Days ahead of an earnings season, options traders brace for volatility in US bank stocks that many believe will drive lower earnings, reflecting concerns over an expected recession.
Current market positioning signals bleak outlook: The one-month moving average of open puts on the Financial Select Sector SPDR Fund, the largest financial ETF with assets under $33 billion, outperforms call options by 1.8 to 1, the most defensive of which measure is since the end of October.
In a standout trade Monday, a put buyer paid $1.5 million for 50,000 February puts on XLF. Trading would be profitable if the ETF’s shares fell below $33 by mid-February, down 6% from current levels.
“What you’re seeing in the markets is some concern about whether or not the operating environment is going to be supportive for financials,” said Scott Knapp, chief market strategist at CUNA Mutual Group. “It’s a challenging environment where it’s hard to make a nickel … markets move forward by discounting some of it.”
Bank of America, JPMorgan Chase & Co., Wells Fargo and Citigroup Inc are expected to report results on Friday, with more lenders to follow next week.
Bank stocks came under pressure along with broader markets last year as the US Federal Reserve hiked interest rates at a rapid pace to combat the worst inflation in decades. The S&P 500 banking index fell 21.6% over the past year, compared to a 19.4% decline in the overall S&P 500.
Bank stocks have historically been volatile around the reporting time and traders expect Thursday’s US consumer price data – which have fueled major market volatility in recent months – to add an extra dose of jitters this time around.
Options on major bank stocks are pricing in the largest post-earnings moves in the past two years, on average, according to analysis by Susquehanna International Group.
“The trading bias in options heading for big bank profits has been to buy volatility and protect positions,” said Chris Murphy, co-head of derivatives strategy at Susquehanna International Group. “It’s definitely more pronounced than it has been in the past.”
GRAPHIC: Set for volatility (
Many believe that rising prices and higher borrowing will weigh on lenders’ bottom line, prompting consumers and businesses to rein in spending. Because banks act as economic middlemen, their profits fall when activity slows.
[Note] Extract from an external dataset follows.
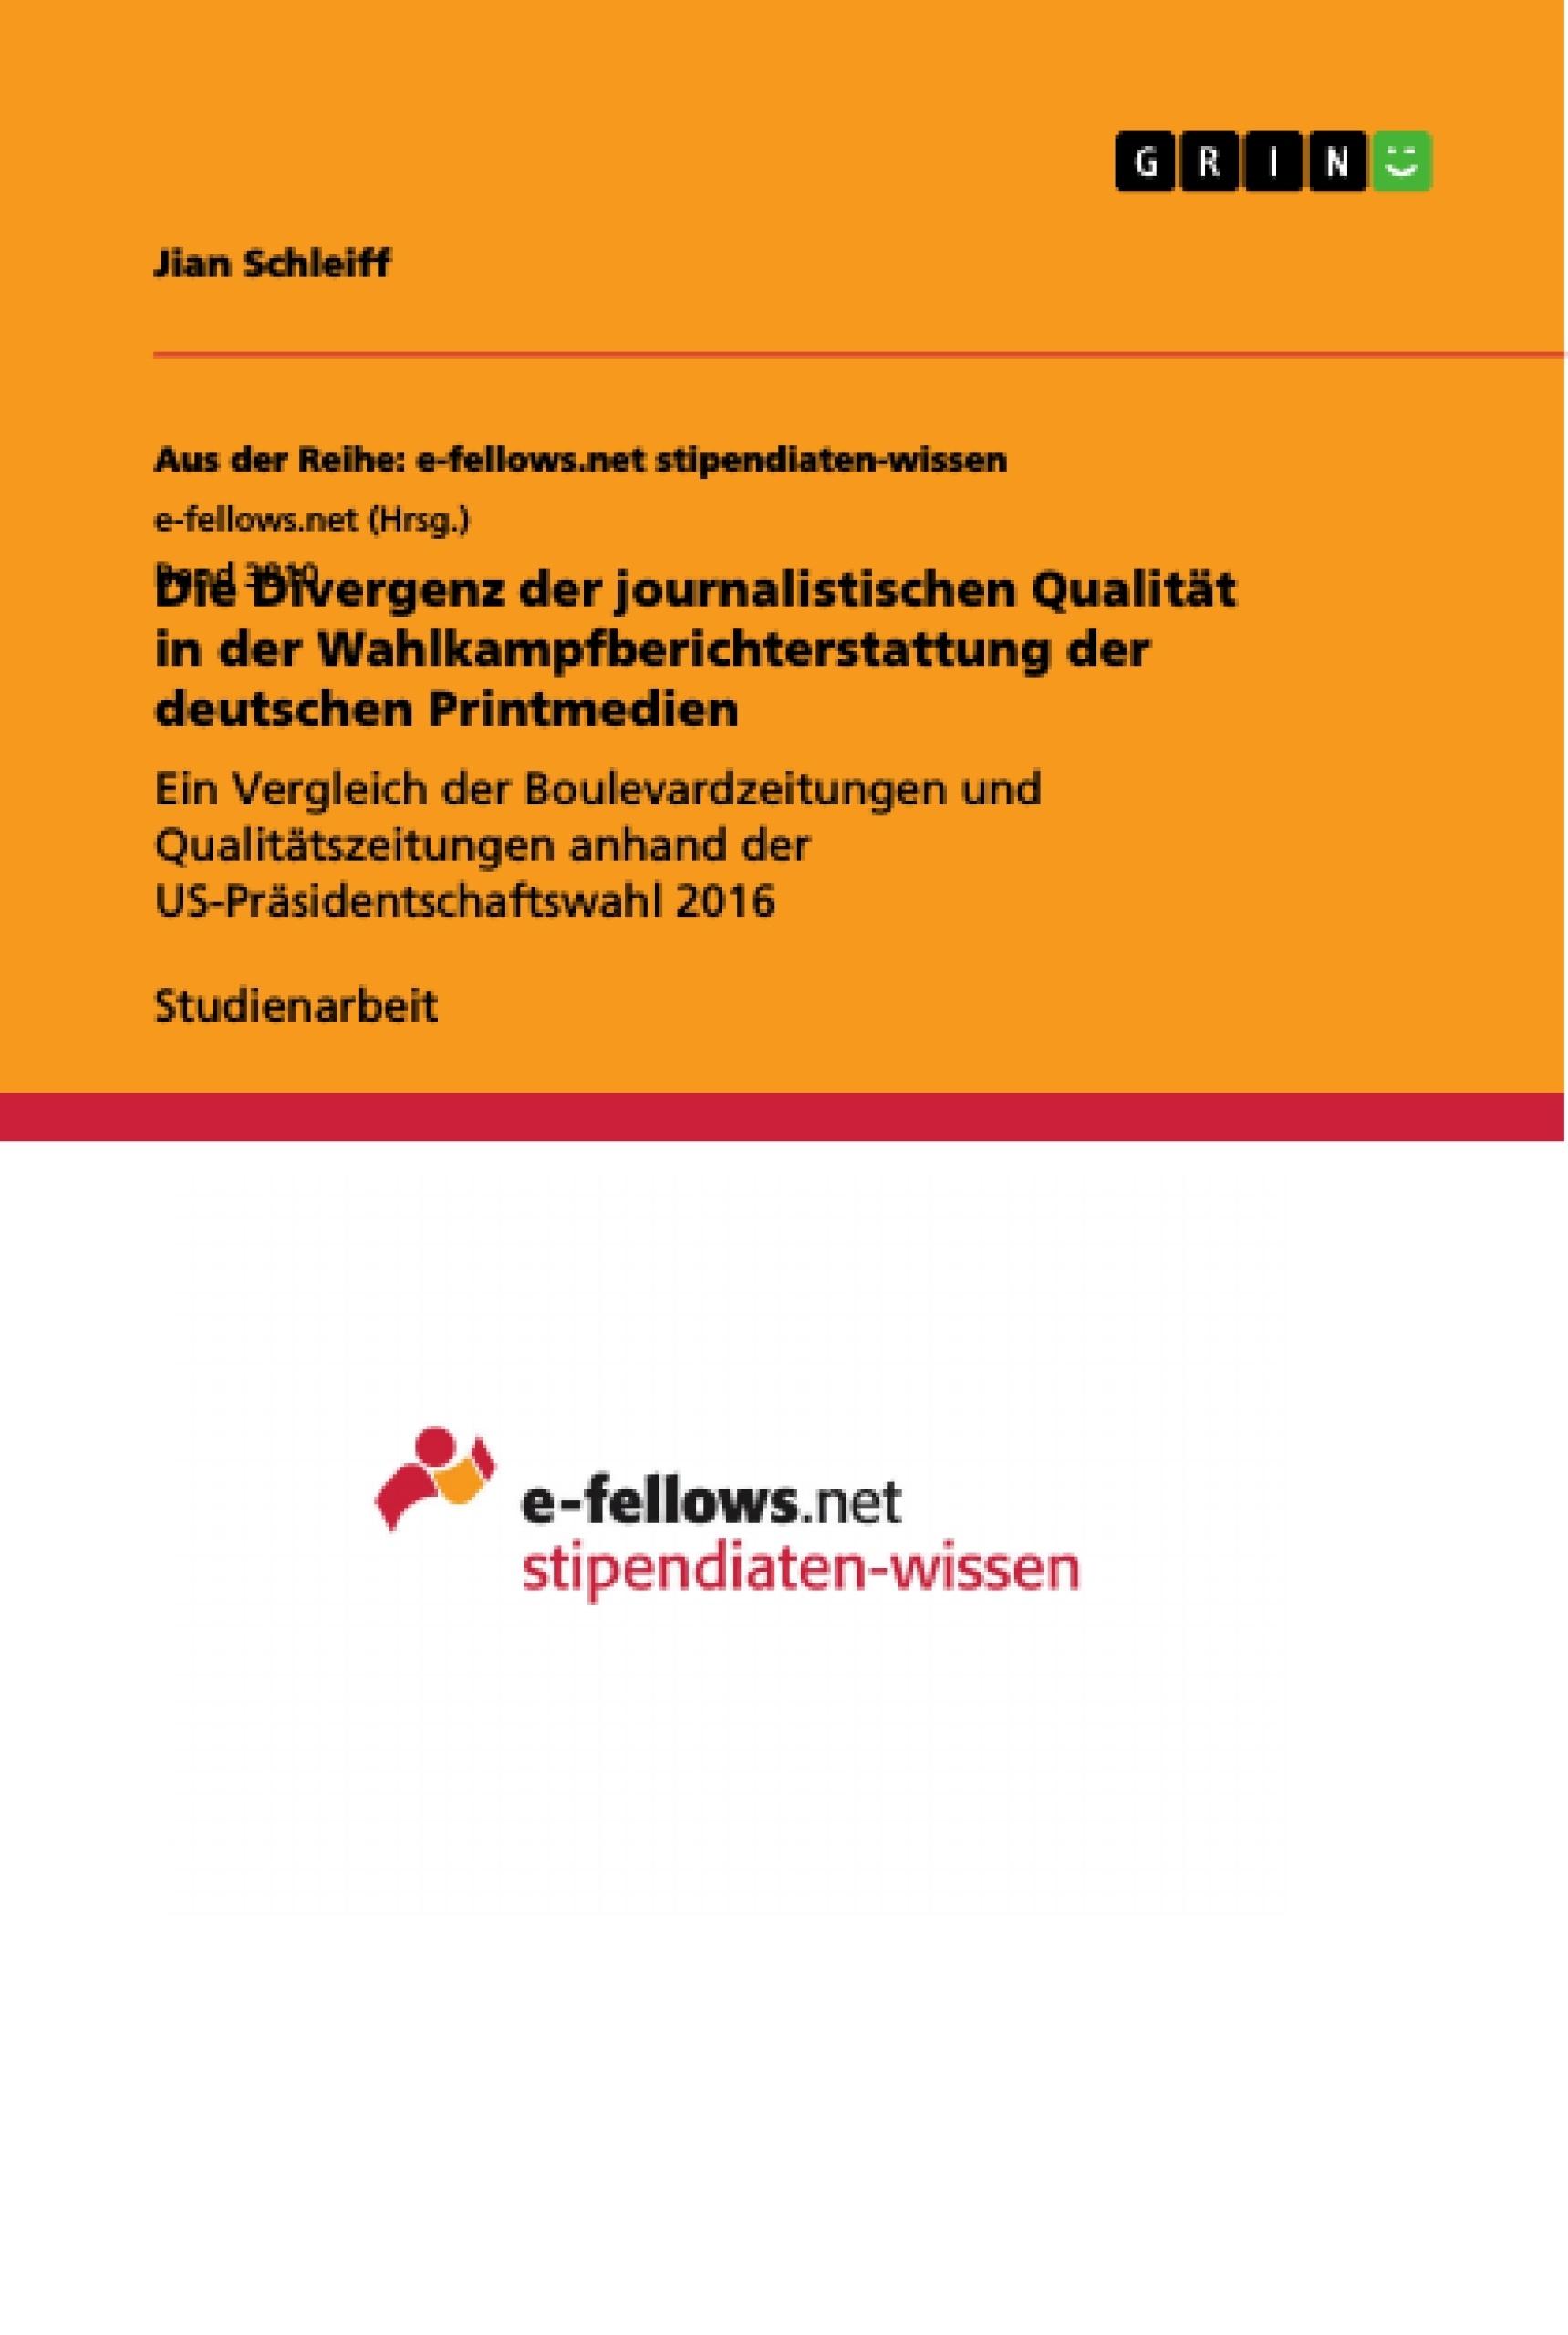 Titel: Die Divergenz der journalistischen Qualität in der Wahlkampfberichterstattung der deutschen Printmedien

According to Refinitiv’s IBES data, analysts expect fourth-quarter earnings for the S&P 500 financial sector to fall 8.7% year over year, which coincides with the technology sector as the fourth-largest projected decline among major sectors for the period.
Meanwhile, starting Wednesday, Goldman Sachs Group will begin shedding thousands of jobs across the company as it prepares for a difficult economic environment, the latest among big banks including Morgan Stanley and Citigroup Inc, which both lost their positions in recent months dealmaking boom on Wall Street fizzled out, among other things due to high interest rates.
Not everyone has a bleak outlook for the industry. In a research note Monday, Bank of America said financials had better earnings stability than the S&P 500, cleaner balance sheets and lower recession risk than “other more crowded and expensive cyclical sectors like info tech.”
“US financials could be a good place to park assets in the near term,” wrote Savita Subramanian, equity and quant strategist at BofA Global Research.